* Material for the task:
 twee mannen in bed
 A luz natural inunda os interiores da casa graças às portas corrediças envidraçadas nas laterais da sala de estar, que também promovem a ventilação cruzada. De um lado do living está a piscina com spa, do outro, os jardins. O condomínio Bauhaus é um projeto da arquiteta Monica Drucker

...

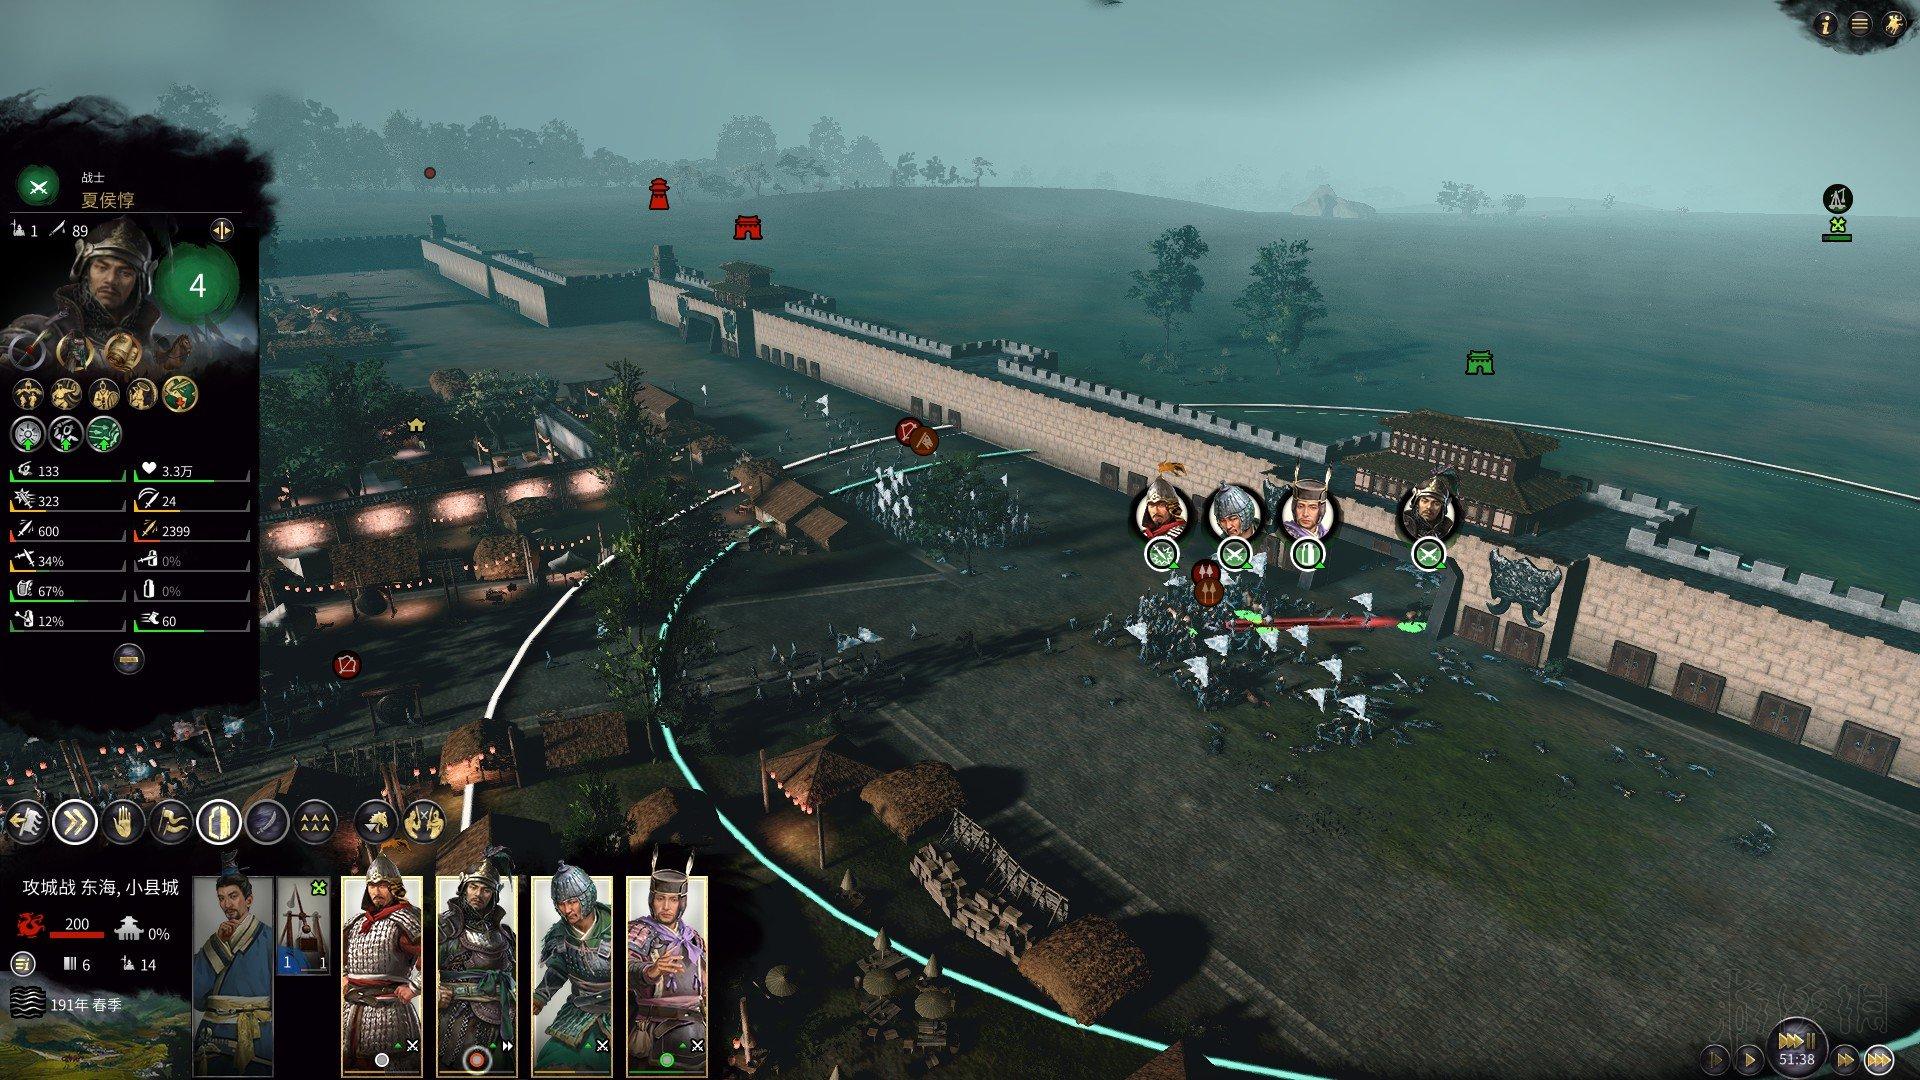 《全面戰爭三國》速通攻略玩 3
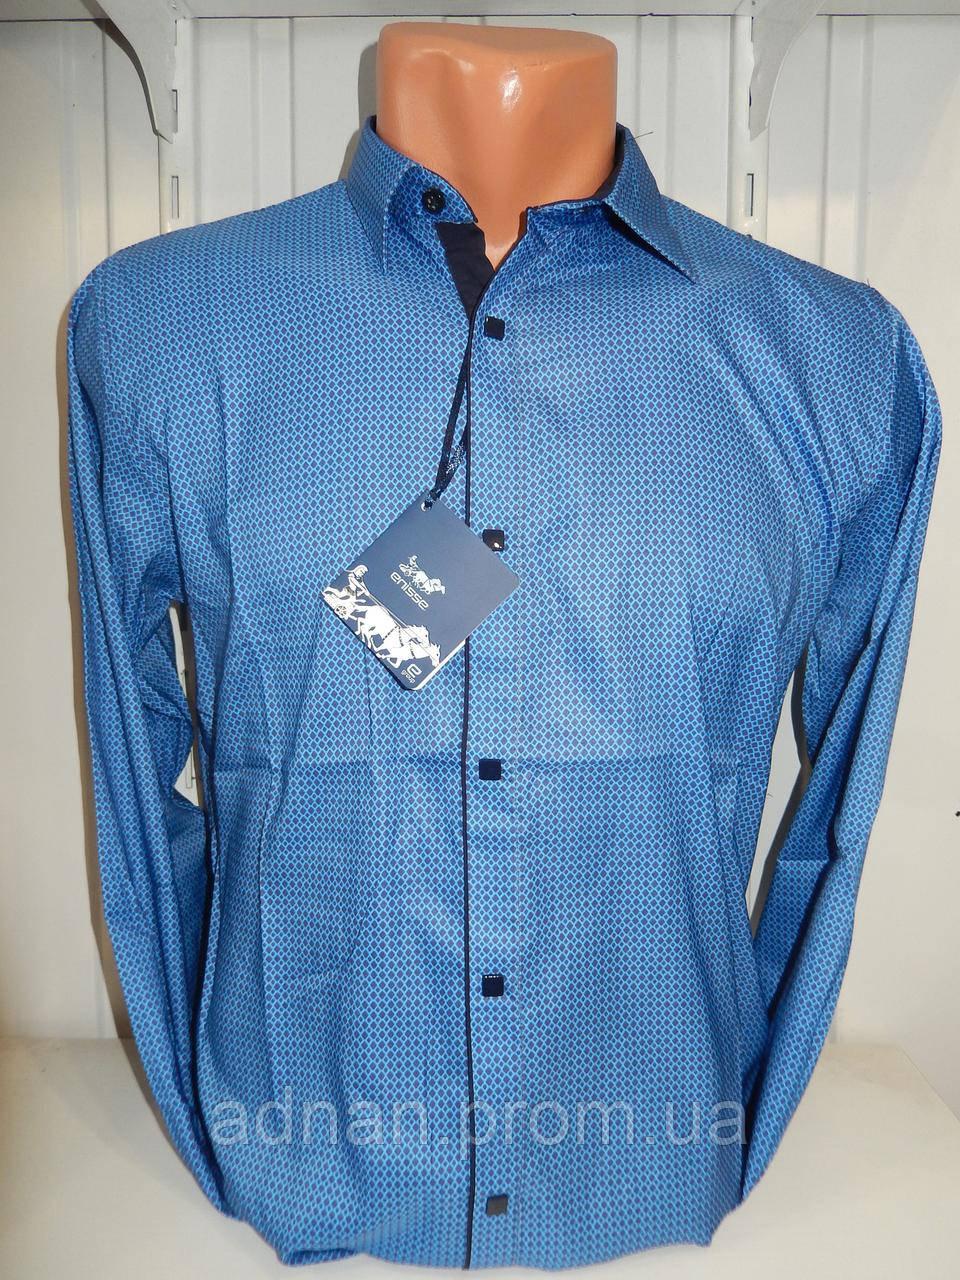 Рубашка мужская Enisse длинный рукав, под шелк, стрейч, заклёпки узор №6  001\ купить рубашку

* Description of the task:
Your task is to transcribe, with no changes, only the lines of the listing above that lie between the line holding "twee mannen in bed" and the line holding "A luz natural", inclusive.

* Finished task:
 twee mannen in bed
 A luz natural inunda os interiores da casa graças às portas corrediças envidraçadas nas laterais da sala de estar, que também promovem a ventilação cruzada. De um lado do living está a piscina com spa, do outro, os jardins. O condomínio Bauhaus é um projeto da arquiteta Monica Drucker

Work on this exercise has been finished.